Section: Regulation Of Ribosome Biogenesis By Rps In Cancersmentioning

confidence: 99%

Ribosome Biogenesis Alterations in Colorectal Cancer

Slimane

Marcel

Fenouil

et al. 2020

Many studies have focused on understanding the regulation and functions of aberrant protein synthesis in colorectal cancer (CRC), leaving the ribosome, its main effector, relatively underappreciated in CRC. The production of functional ribosomes is initiated in the nucleolus, requires coordinated ribosomal RNA (rRNA) processing and ribosomal protein (RP) assembly, and is frequently hyperactivated to support the needs in protein synthesis essential to withstand unremitting cancer cell growth. This elevated ribosome production in cancer cells includes a strong alteration of ribosome biogenesis homeostasis that represents one of the hallmarks of cancer cells.
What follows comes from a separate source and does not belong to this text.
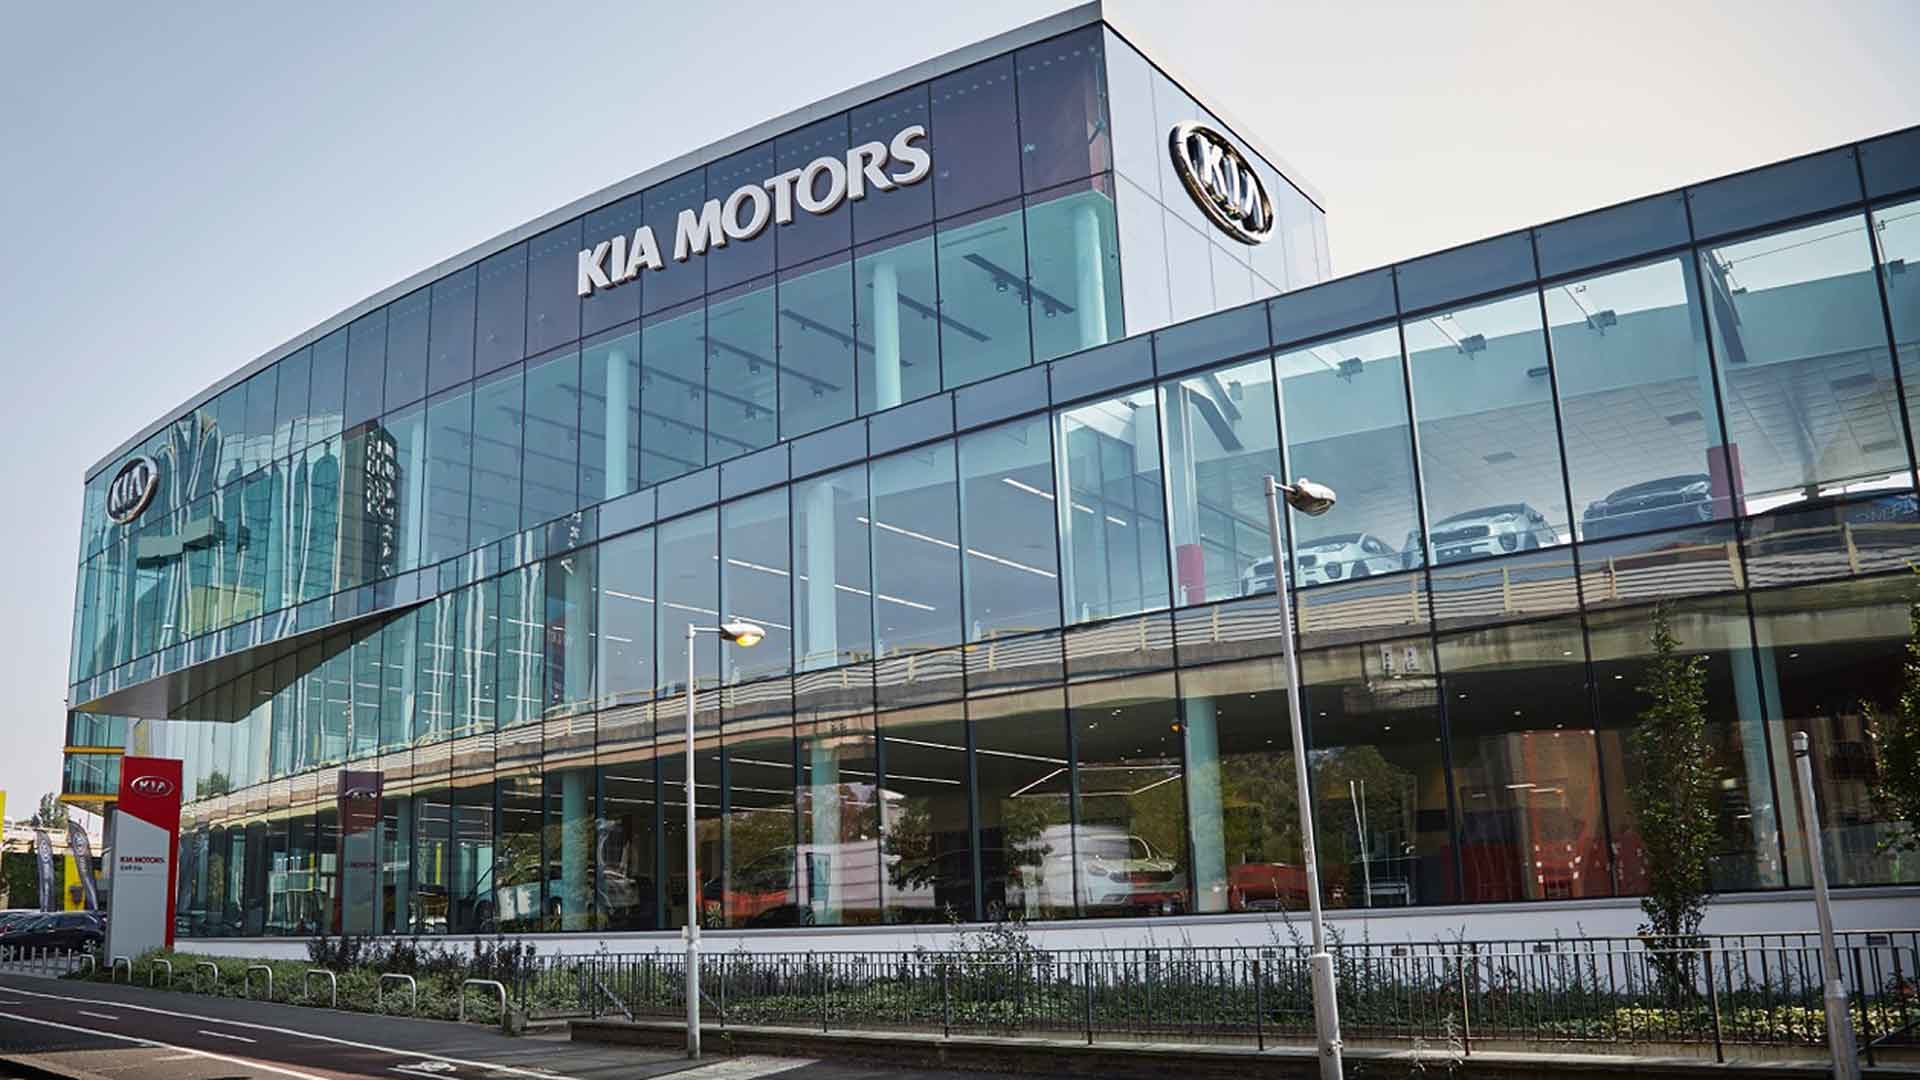 Kia Motors UK retailer
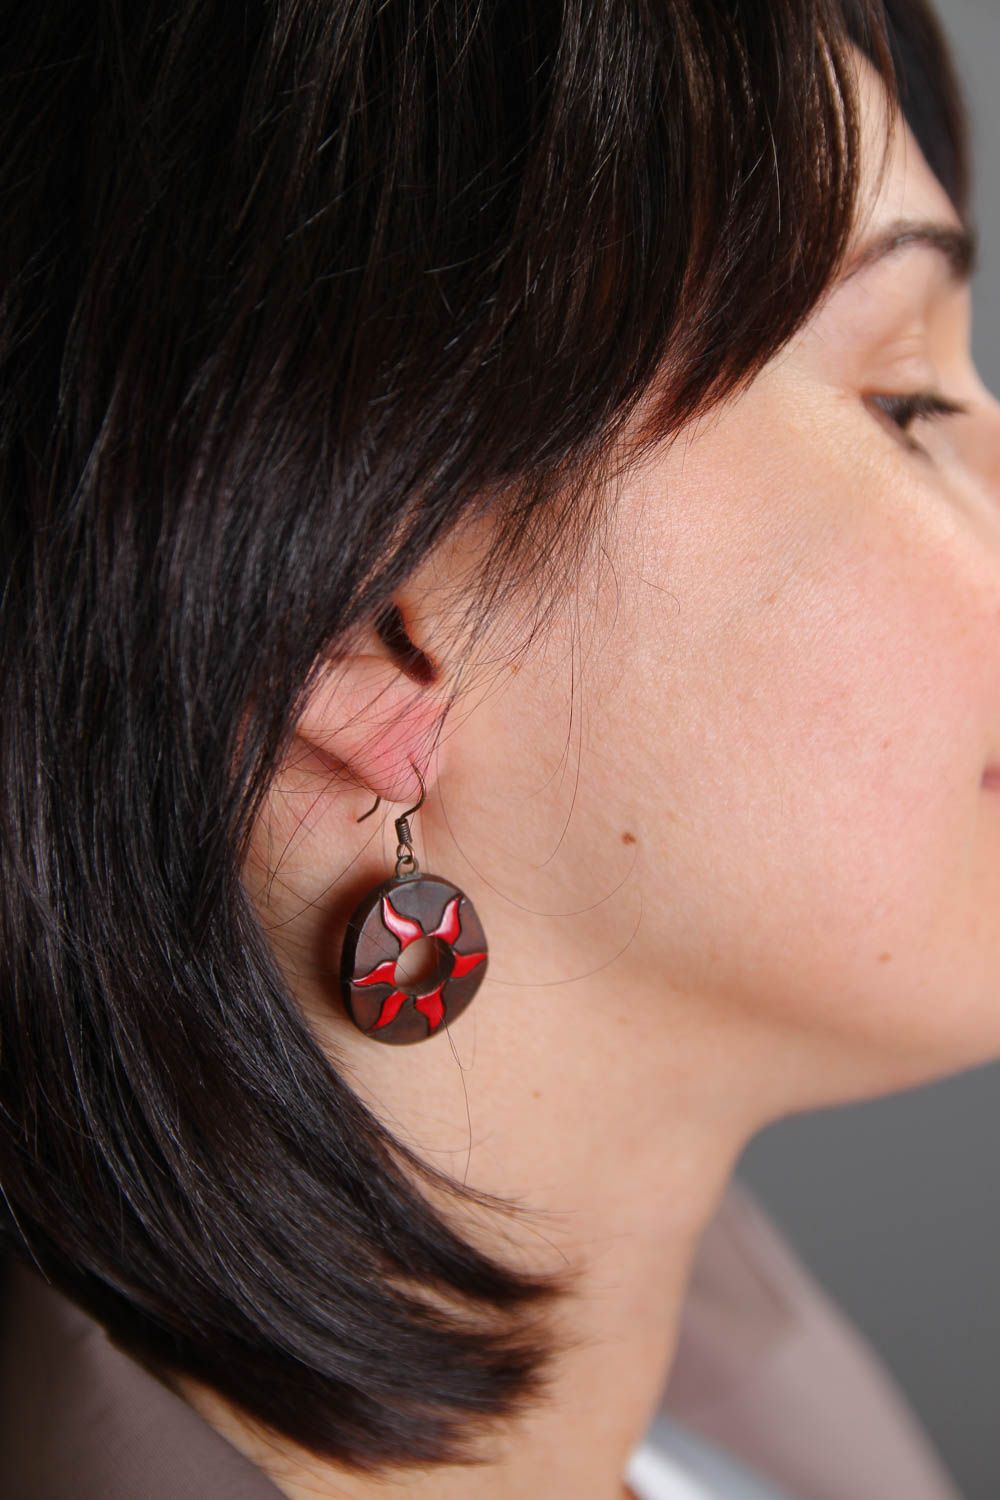 Handmade earrings designer jewelry fashion accessories dangling earrings photo 4

None of the ribosome production steps escape this cancer-specific dysregulation. This review summarizes the early and late steps of ribosome biogenesis dysregulations described in CRC cell lines, intestinal organoids, CRC stem cells and mouse models, and their possible clinical implications. We highlight how this cancer-related ribosome biogenesis, both at quantitative and qualitative levels, can lead to the synthesis of ribosomes favoring the translation of mRNAs encoding hyperproliferative and survival factors. We also discuss whether cancer-related ribosome biogenesis is a mere consequence of cancer progression or is a causal factor in CRC, and how altered ribosome biogenesis pathways can represent effective targets to kill CRC cells. The association between exacerbated CRC cell growth and alteration of specific steps of ribosome biogenesis is highlighted as a key driver of tumorigenesis, providing promising perspectives for the implementation of predictive biomarkers and the development of new therapeutic drugs.